Dataset section →
=== Section Start ===
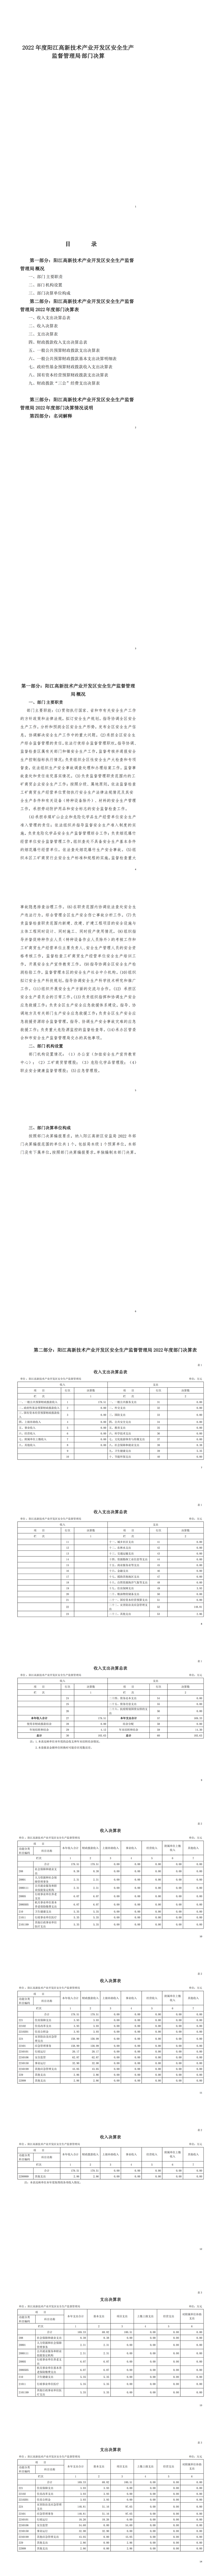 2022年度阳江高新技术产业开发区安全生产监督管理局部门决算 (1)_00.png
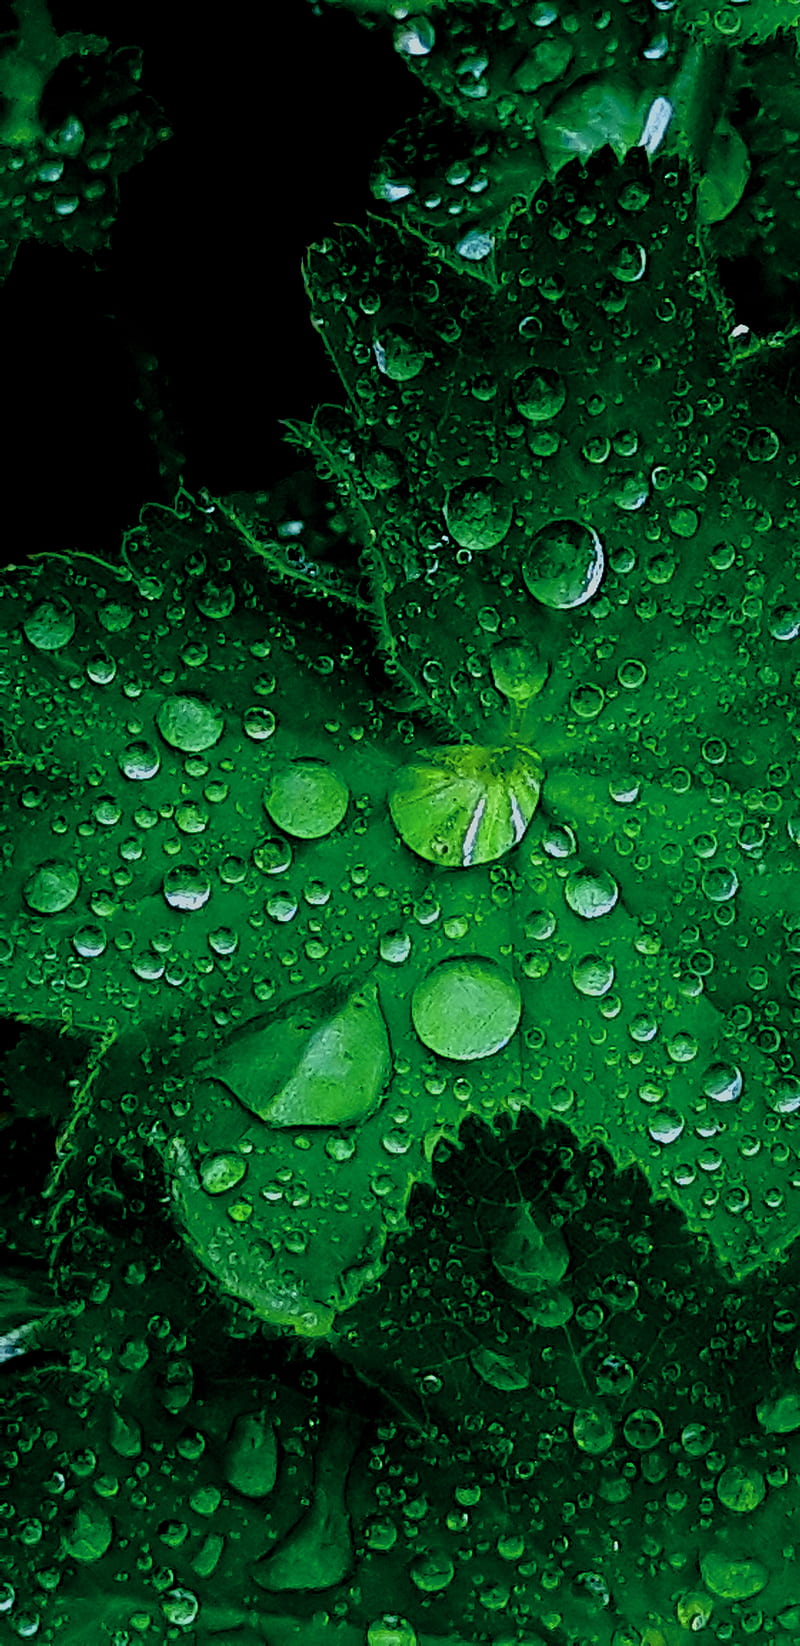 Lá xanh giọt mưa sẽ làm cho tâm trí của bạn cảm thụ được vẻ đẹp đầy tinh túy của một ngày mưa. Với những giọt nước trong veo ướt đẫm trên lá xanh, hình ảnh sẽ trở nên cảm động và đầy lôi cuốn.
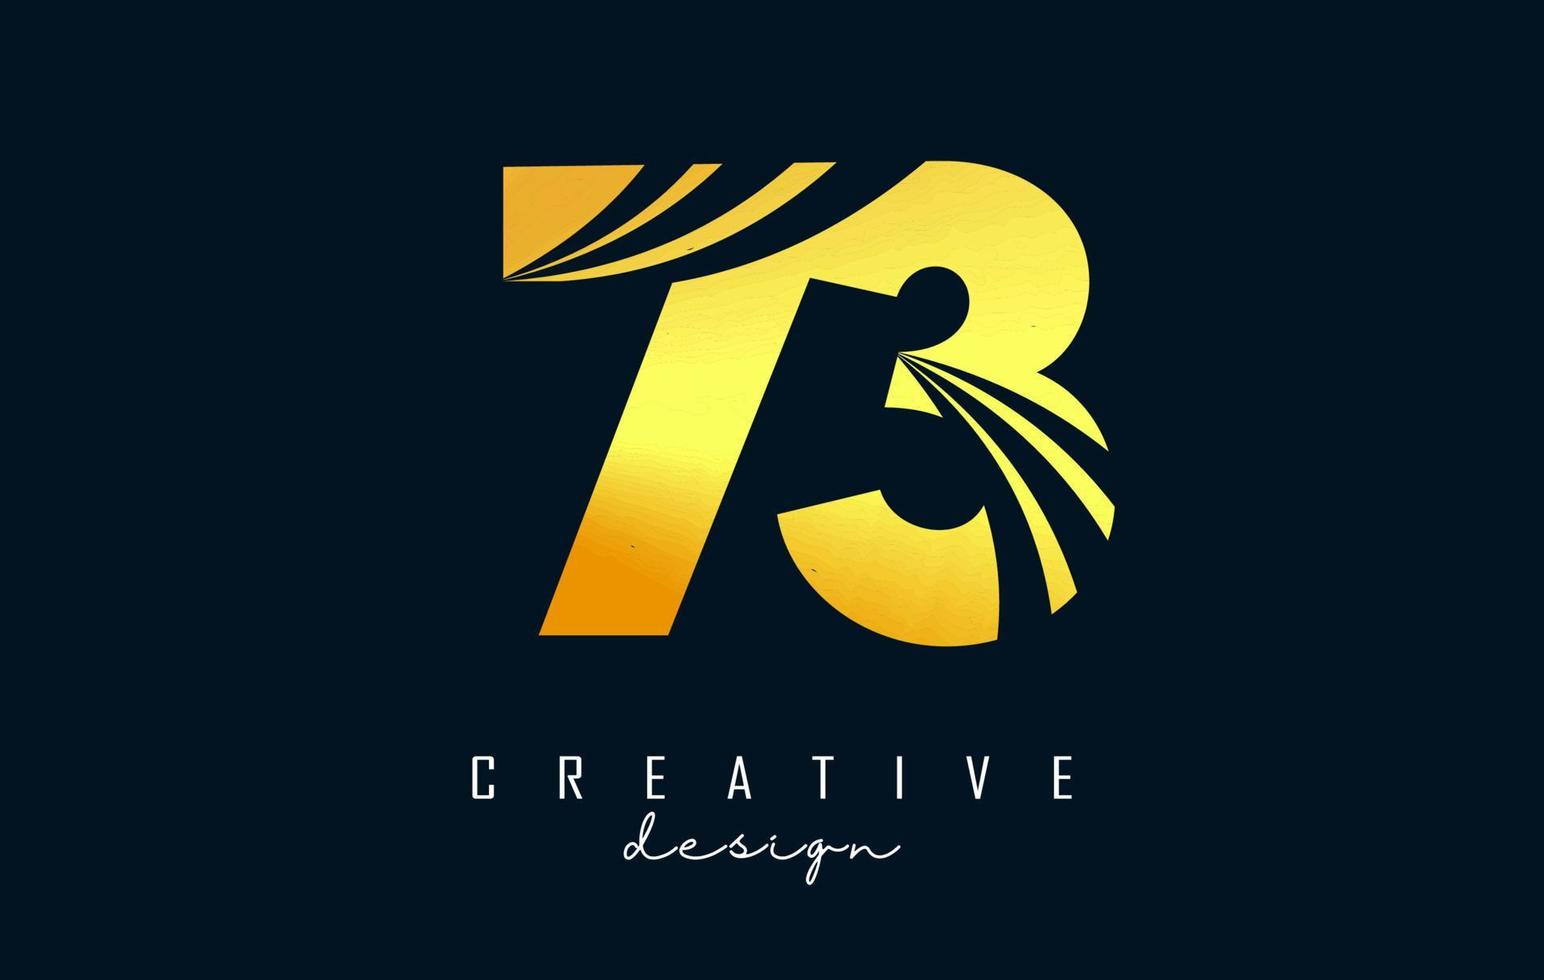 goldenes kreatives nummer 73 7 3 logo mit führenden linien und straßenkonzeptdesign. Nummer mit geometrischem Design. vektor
=== Section End ===
Directions for this task → Copy the listing above verbatim, leaving out pictures.

Result →
 2022年度阳江高新技术产业开发区安全生产监督管理局部门决算 (1)_00.png
 Lá xanh giọt mưa sẽ làm cho tâm trí của bạn cảm thụ được vẻ đẹp đầy tinh túy của một ngày mưa. Với những giọt nước trong veo ướt đẫm trên lá xanh, hình ảnh sẽ trở nên cảm động và đầy lôi cuốn.
 goldenes kreatives nummer 73 7 3 logo mit führenden linien und straßenkonzeptdesign. Nummer mit geometrischem Design. vektor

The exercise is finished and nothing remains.